* [Provided information]
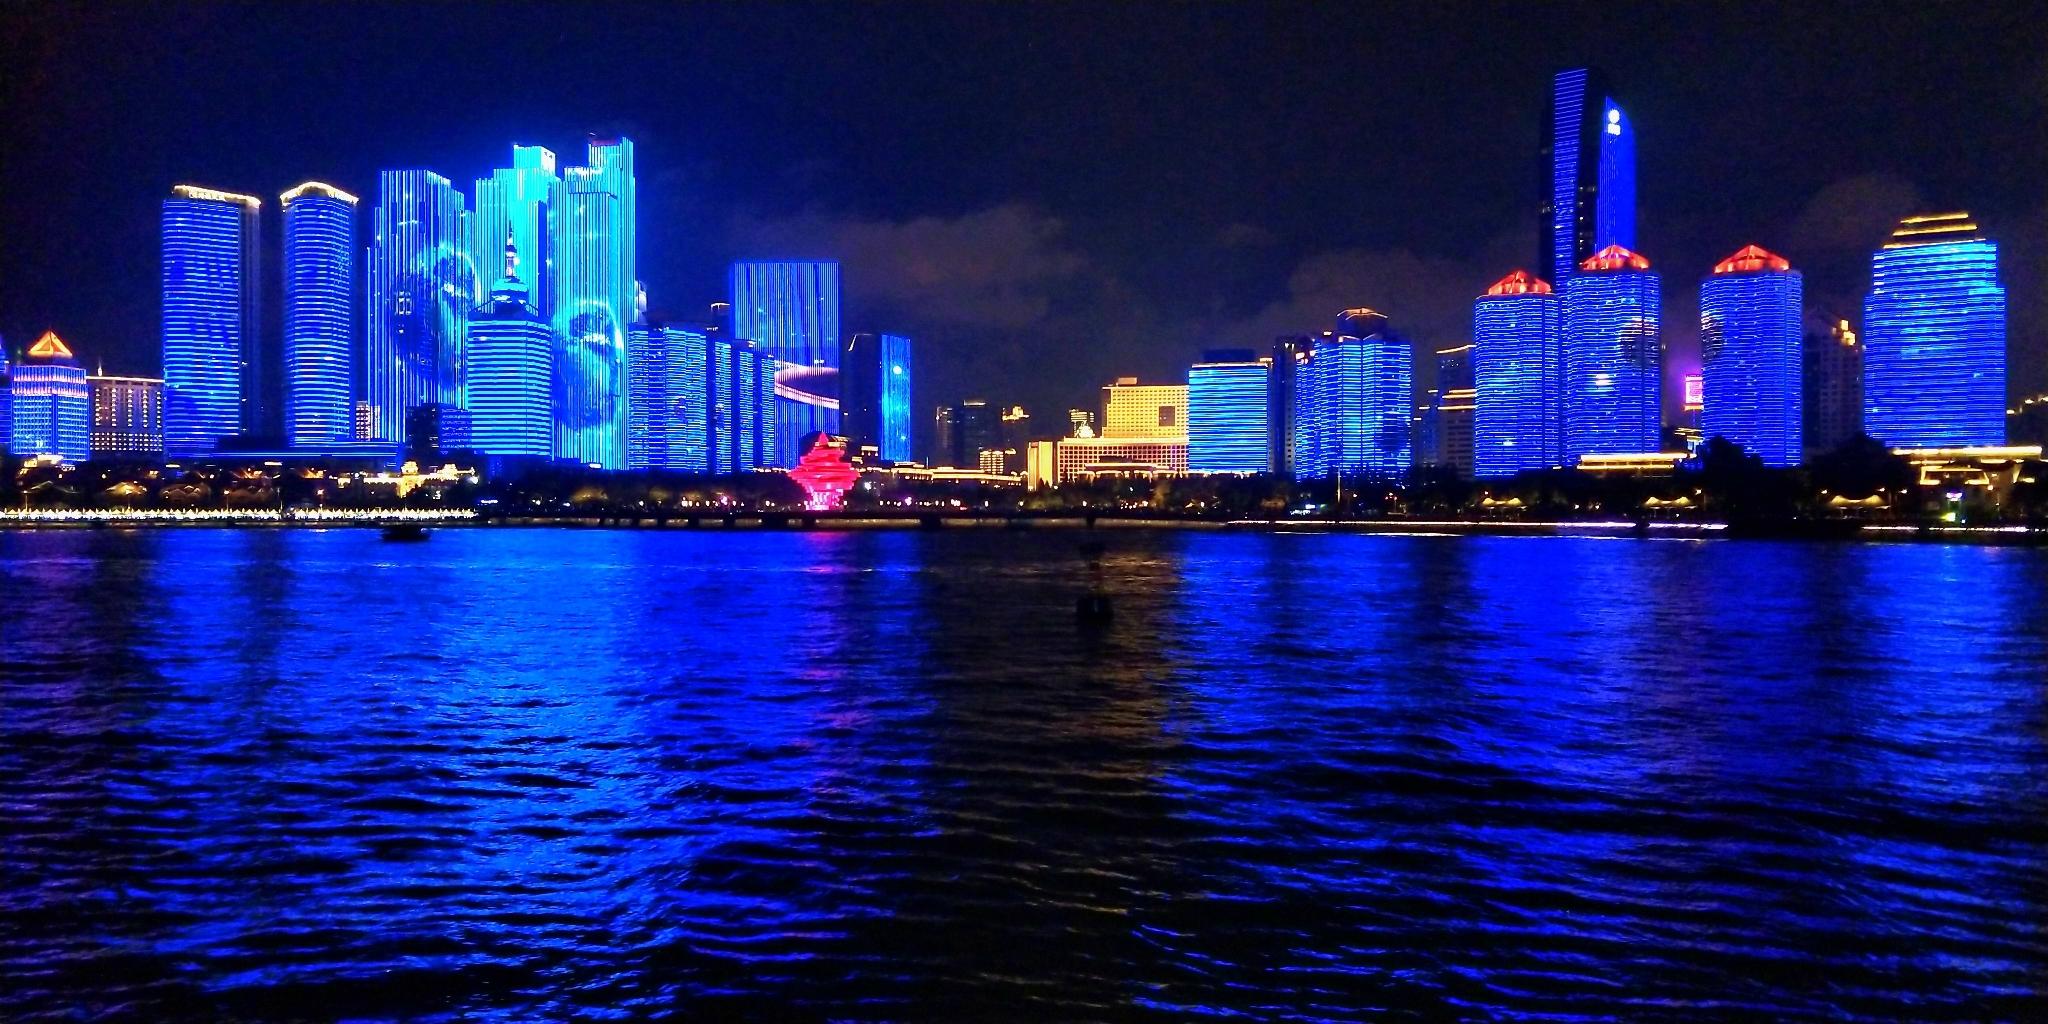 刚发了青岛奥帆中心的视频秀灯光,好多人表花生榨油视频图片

...

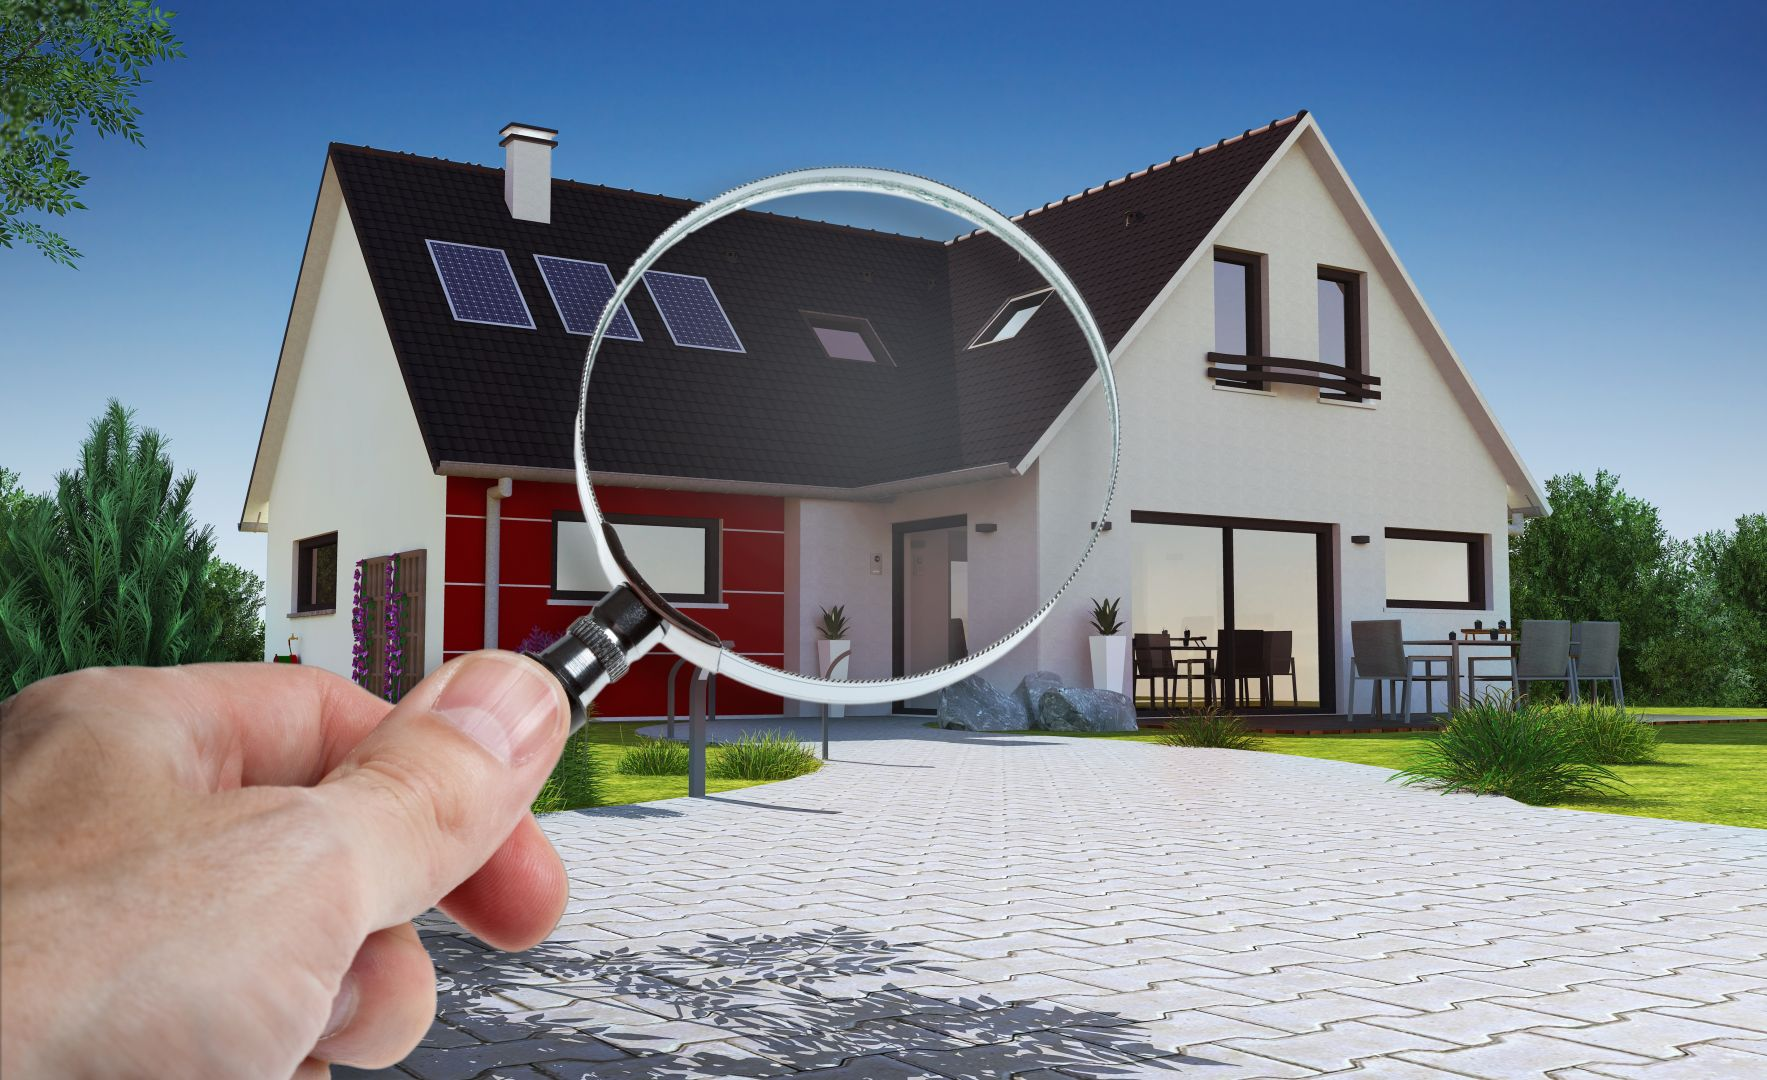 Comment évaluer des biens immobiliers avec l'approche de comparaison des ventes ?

* * *

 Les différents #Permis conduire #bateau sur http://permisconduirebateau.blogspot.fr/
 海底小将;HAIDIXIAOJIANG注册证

* [Description of the task]
Taking the material above, extract exactly and only the lines from the line with "Les différents #Permis" to the line with "海底小将;HAIDIXIAOJIANG注册证", inclusive of both.

* [Response]
 Les différents #Permis conduire #bateau sur http://permisconduirebateau.blogspot.fr/
 海底小将;HAIDIXIAOJIANG注册证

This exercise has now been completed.